Business & Economics
Indian Refiners Freeze New Russian Crude Orders After U.S. Drops 25% Tariff
On 9 Feb 2026 India’s biggest state and private refiners stopped booking March-April Russian crude cargoes days after President Trump revoked a 25% duty, signalling New Delhi’s intent to clinch a wider trade pact with Washington.
Focusing Facts
- Trump’s 6 Feb 2026 executive order rescinded the across-the-board 25 % tariff on Indian goods, stating that tariffs will snap back if India resumes Russian oil purchases.
- India’s Russian crude intake fell to about 1.2 million bpd in Jan 2026 from a peak near 2 million bpd in mid-2025, with analysts now projecting a further decline to 0.4-0.6 million bpd.
- Rosneft-backed Nayara Energy, constrained by Western sanctions, is expected to keep importing roughly 400 kbpd of Russian oil once its April refinery maintenance ends.
Context
Major powers have long used energy access as leverage: in 1941 Washington’s oil embargo on Japan accelerated Tokyo’s strategic realignment, and in 1978-79 the Carter administration quietly pressured Japan and Europe to curb Iranian crude purchases while offering trade concessions. India’s pause echoes those episodes, spotlighting how tariffs—as much as sanctions—can coerce shifts in hydrocarbon flows. Structurally, the episode fits a century-long pattern of the U.S. weaponizing market scale to police third-party trade with adversaries, while rising powers like India juggle cheap energy against geopolitical alignment. Over the next decades, diversifying away from any single supplier, tightening Western controls on Russian logistics, and the lure of preferential U.S. market access could recast India’s energy map and erode Russia’s post-2022 Asian lifeline. Whether this marks a permanent decoupling or a tactical dip depends on oil price spreads and on how durable American tariff threats prove—questions that will echo through the global crude system well into the 22nd-century energy transition.
Perspectives
US and Western financial/energy media
Reuters, Bloomberg, OilPrice, etc. — Frame India’s sharp pull-back from Russian crude as proof that New Delhi has effectively promised Washington it will slash – and possibly end – those imports in order to clinch a lucrative tariff-cutting trade deal. Rely heavily on unnamed sources and White House language, amplifying a narrative that sanctions are working and that US leverage is decisive, while giving scant attention to India’s stated energy-security concerns or to Moscow’s potential counter-moves.
Russian state-owned media
RT — Highlights that India has not publicly confirmed any halt and that Moscow is unaware of such a decision, suggesting the reported pause in purchases is tentative and reversible. Seeks to downplay the loss of its largest crude buyer and cast doubt on Western reports, likely to reassure domestic and international audiences that Russia’s oil market position remains secure.

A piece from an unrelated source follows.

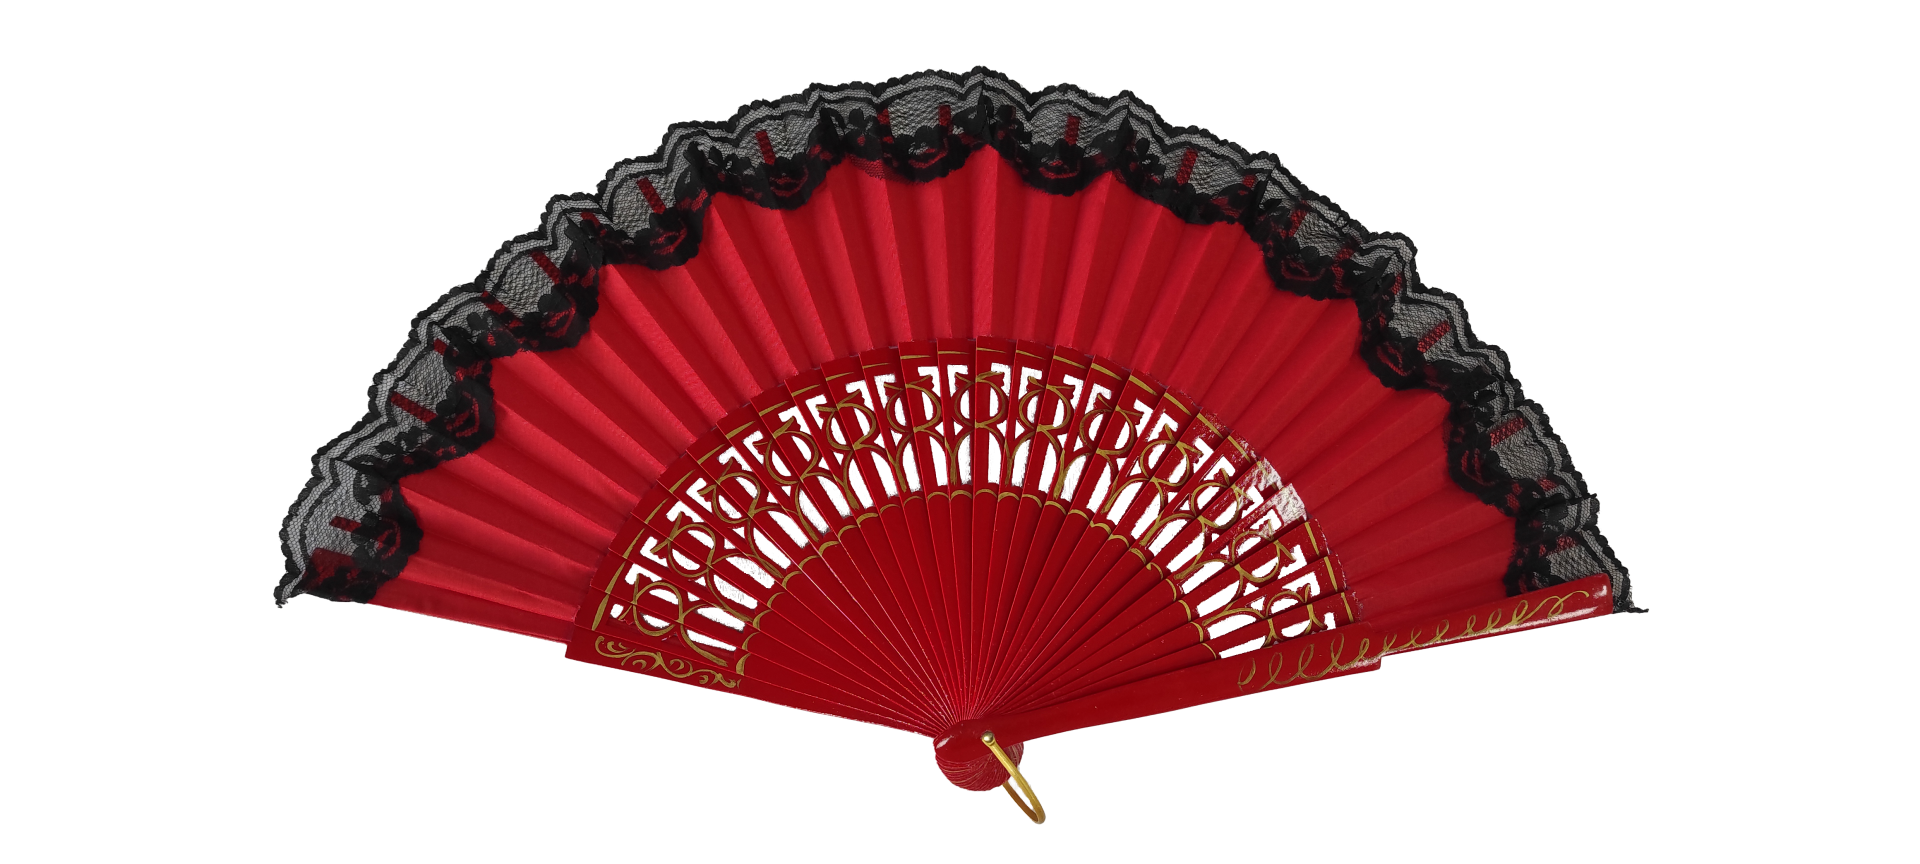 6314/11/11 RJ - RJ -  Wooden fan with lace (red)
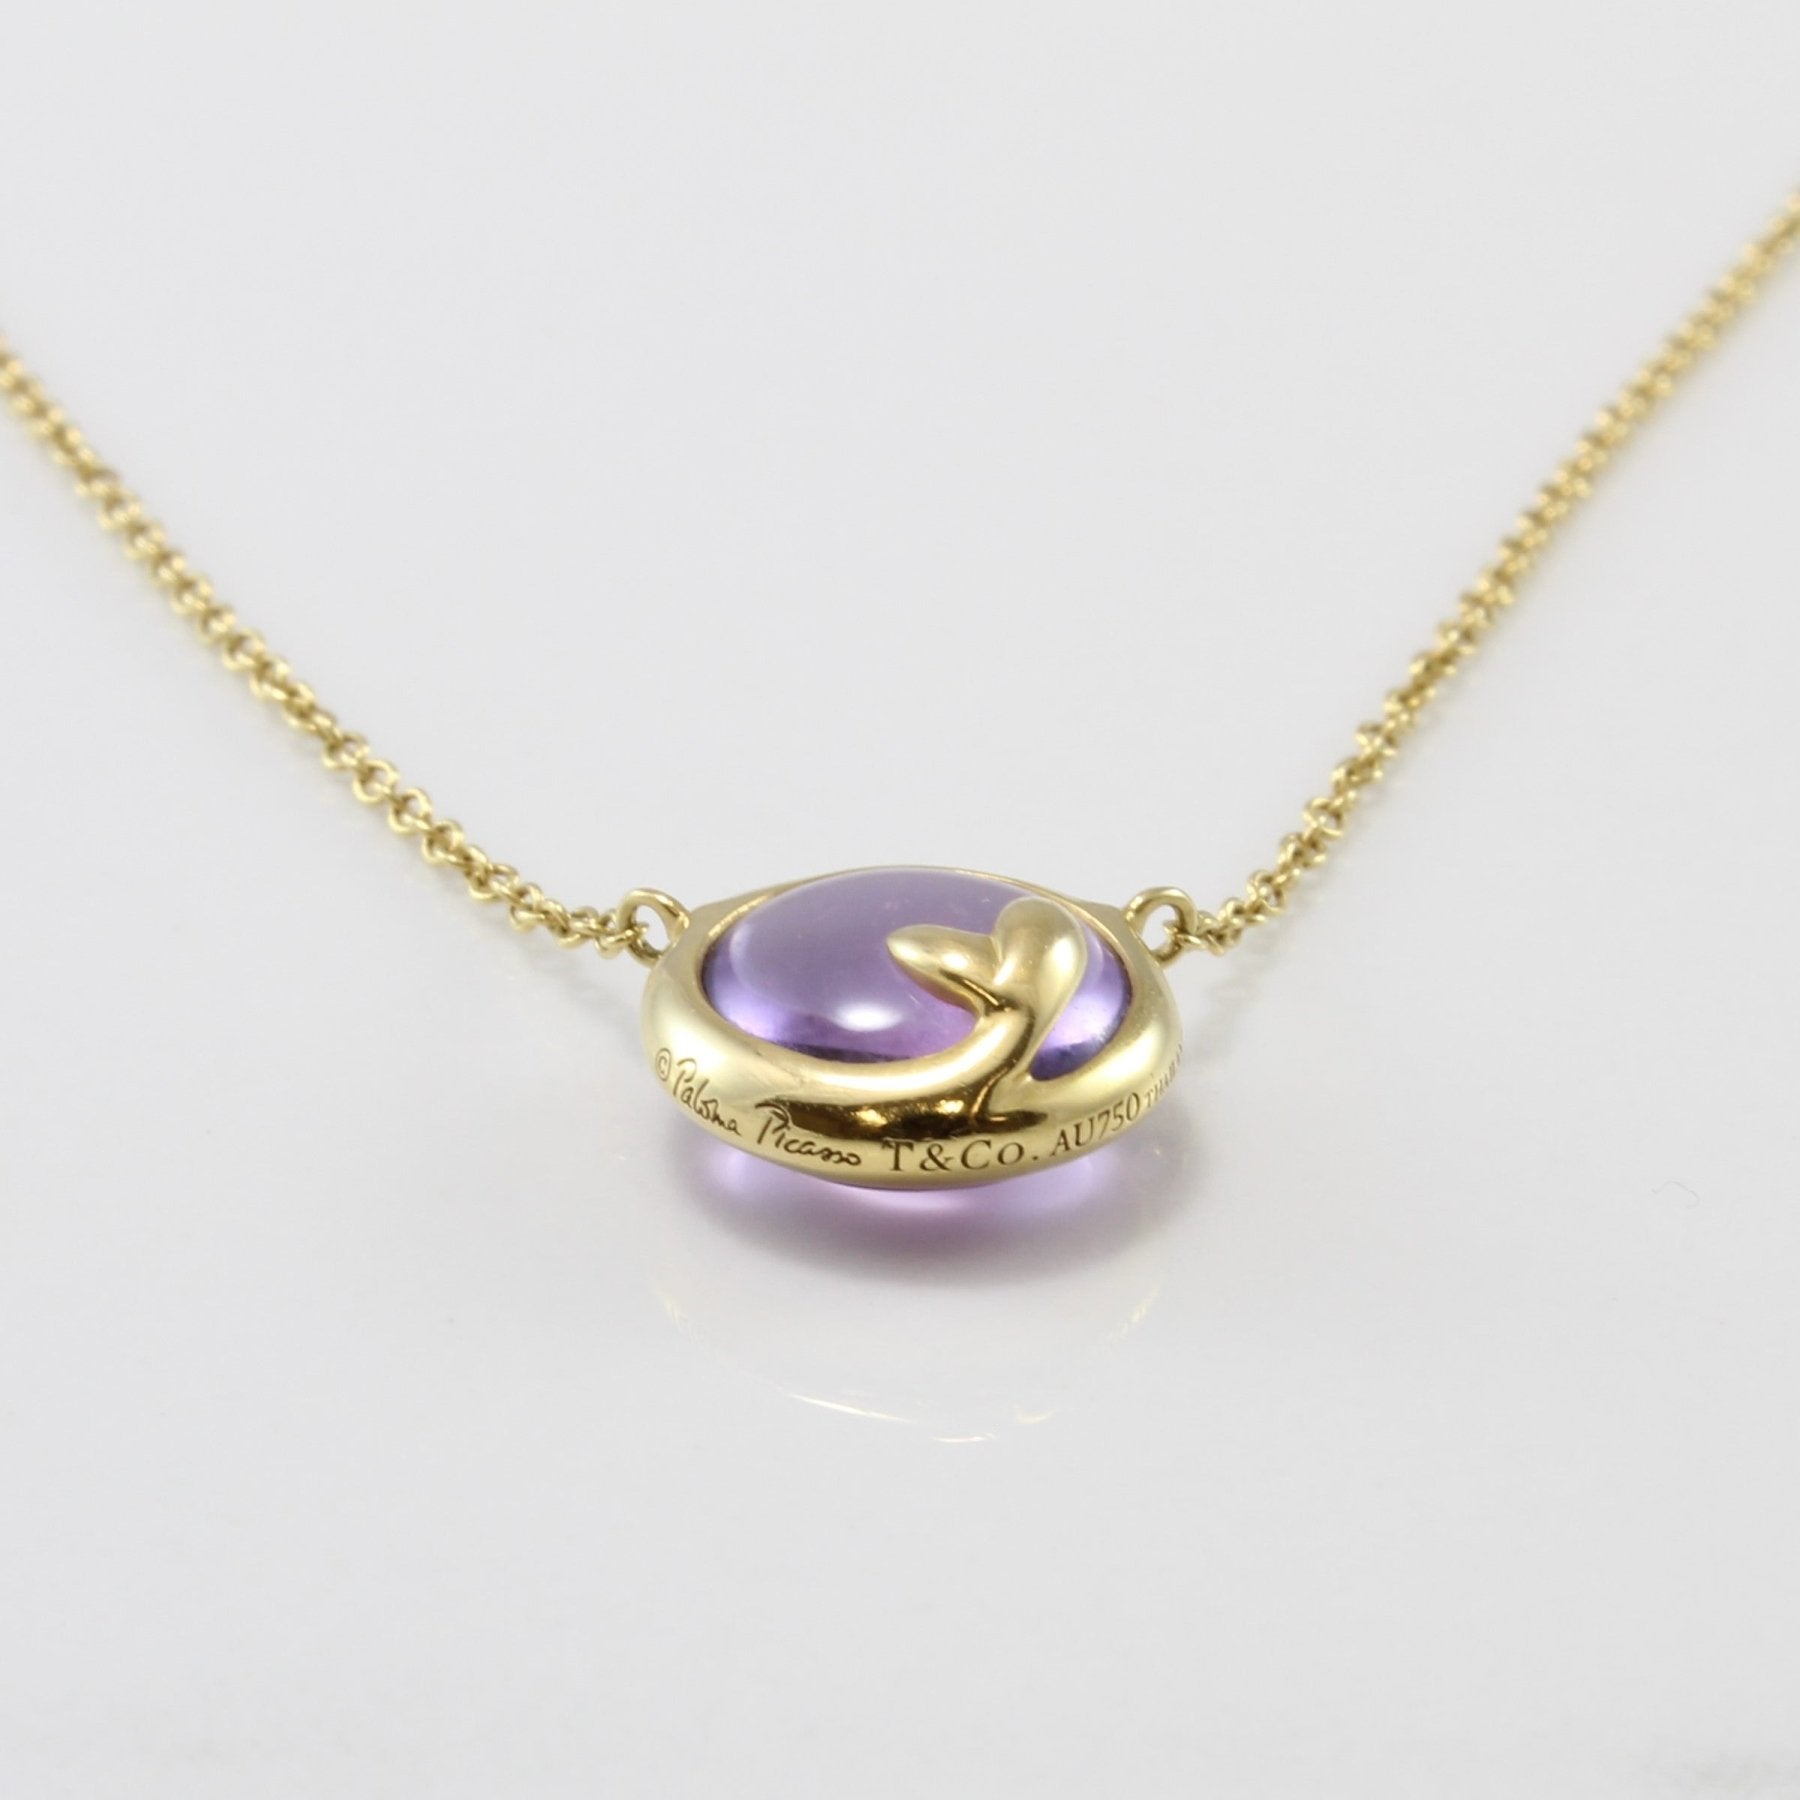 'Tiffany & Co.' Paloma Picasso Olive Leaf Amethyst Necklace | 3.00 ct | 18

Indian domestic outlets stressing strategic autonomy
Republic World, ETAuto — Portray the reduction of Russian oil purchases as a commercially driven diversification move rooted in India’s long-term energy-security strategy rather than as capitulation to US pressure. Echo official statements to assert India’s policy independence, potentially under-representing how strongly the tariff concessions and US diplomacy are shaping corporate buying decisions.